# TiVo Stream STILL Incompatible with H.264 Content



## gamo62 (Oct 12, 2002)

TiVo Stream still will not work on systems with H.264. One would have hoped that they would get this issue resolved, but apparently not. And no mention of that limitation on their web site.


----------



## jrtroo (Feb 4, 2008)

yep.


----------



## maury (Jan 8, 2012)

Not sure how you're doing it, but when I save TiVo files as h.264, they still have the tivo wrapper (.tivo extensions). So, using Stream doesn't play those?

In another thread, I'm asking some questions about using TiVo Desktop with Drobo NAS. I'm wondering if I save my files to the NAS, will my TiVo be able to find them and play them, just like on my PC?


----------



## jwbelcher (Nov 13, 2007)

maury said:


> Not sure how you're doing it, but when I save TiVo files as h.264, they still have the tivo wrapper (.tivo extensions). So, using Stream doesn't play those?
> 
> In another thread, I'm asking some questions about using TiVo Desktop with Drobo NAS. I'm wondering if I save my files to the NAS, will my TiVo be able to find them and play them, just like on my PC?
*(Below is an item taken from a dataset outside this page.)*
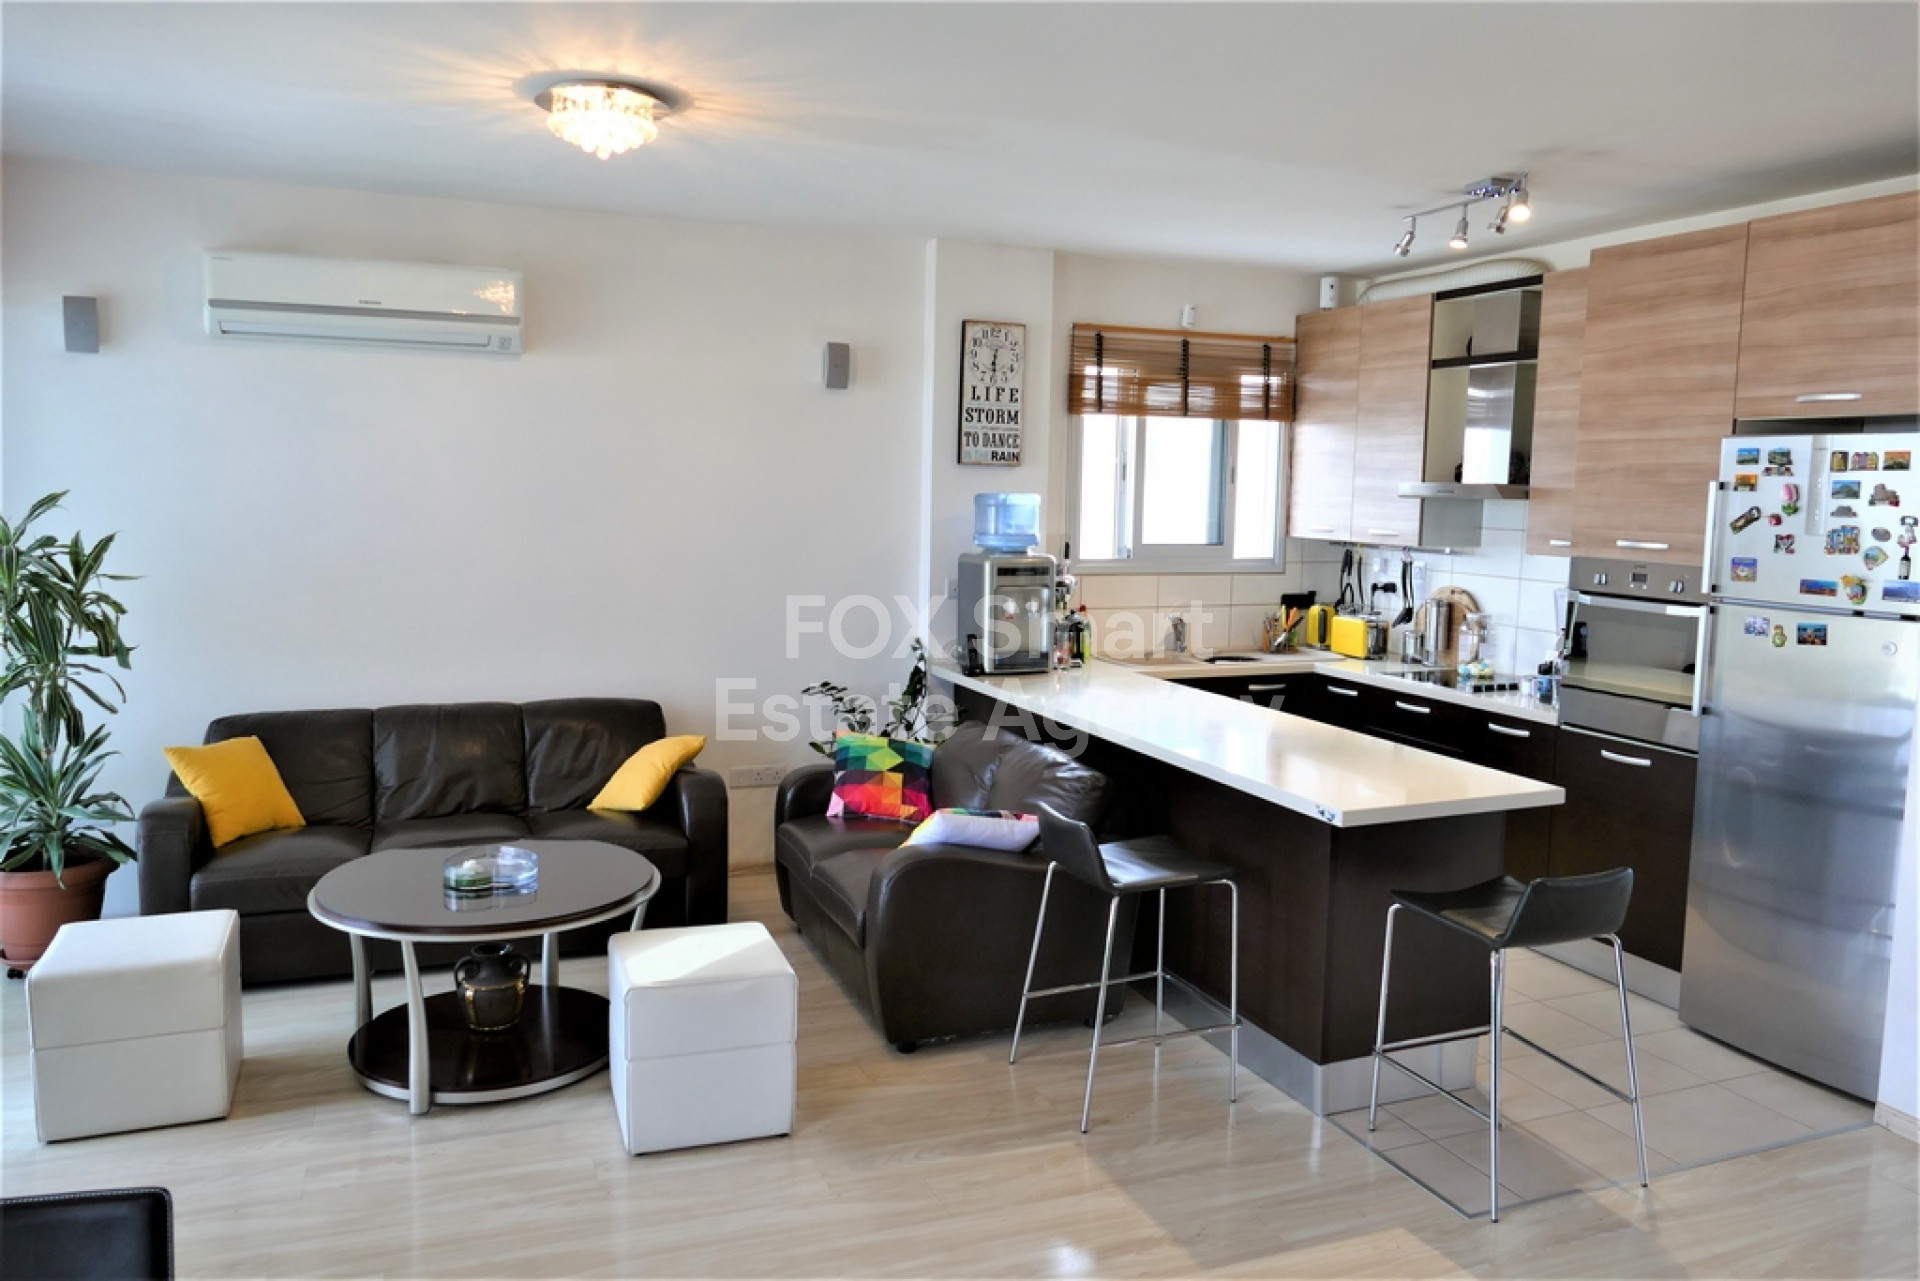 Apartment, For Sale, Nicosia, Strovolos, Acropolis  2 Bedroo.....

MPEG4 is already being used by the Cable operators - so recordings on the TiVo are h.264 encoded. FiOS has used it for a while and my own cableco just started this month with the addition of Starz HD.


----------



## gamo62 (Oct 12, 2002)

You can neither view nor download H.264 content. Anything MPEG2 works great. I have no idea when (or if) they plan on fixing this. It's really annoying being able to only use it with local networks.


----------



## moyekj (Jan 24, 2006)

gamo62, I would suggest you look for an alternative solution (such as Slingbox) if it's something you really want, rather than waiting on TiVo for a solution which may not come any time soon, if ever.


----------



## gamo62 (Oct 12, 2002)

I'm not in a hurry. It may not come until new Stream hardware is released. I'm not sure a software update would work. Or else , why not already?


----------



## moyekj (Jan 24, 2006)

gamo62 said:


> Or else , why not already?


 Android support probably is much higher priority than this and hasn't happened yet either, so I don't think Stream updates get much attention at all at TiVo.


----------



## aaronwt (Jan 31, 2002)

I still can't believe that the TiVo stream was launched 19 months ago. Back in September 2012. And there still isn't any Android support. At the time I was hoping there would have been android support before the end of the NFL season. But that was just a pipe dream. I'm glad i picked up the SlingBox 350 when it was launched in October 2012 instead of waiting for Android Stream support. it just seems crazy how long it has taken.


----------



## gamo62 (Oct 12, 2002)

Is there any reason WHY Stream doesn't yet work on H.264 content? WTH are they waiting for?


----------



## Dan203 (Apr 17, 2000)

I've heard through the grapevine that an update to the Stream is coming along with the Summer update. No word on whether it'll add H.264, but it's probably your next hope.


----------



## aaronwt (Jan 31, 2002)

Is that update along the lines of adding Android support and also enabling pigs to fly? I'll believe it when I see it.


----------



## Dan203 (Apr 17, 2000)

I have heard nothing about Android. Just that there is a Stream beta going on that coincides with the Summer update. Didn't even really get details as to what's being tested, could be a big disappointment but I always try to keep hope alive.


----------



## BigJimOutlaw (Mar 21, 2004)

Android support is [finally] coming. Only thing I heard about h.264 is that it was planned. File it under the "someday" category and hope it's sooner than later.


----------



## Austin Bike (Feb 9, 2003)

gamo62 said:


> Is there any reason WHY Stream doesn't yet work on H.264 content? WTH are they waiting for?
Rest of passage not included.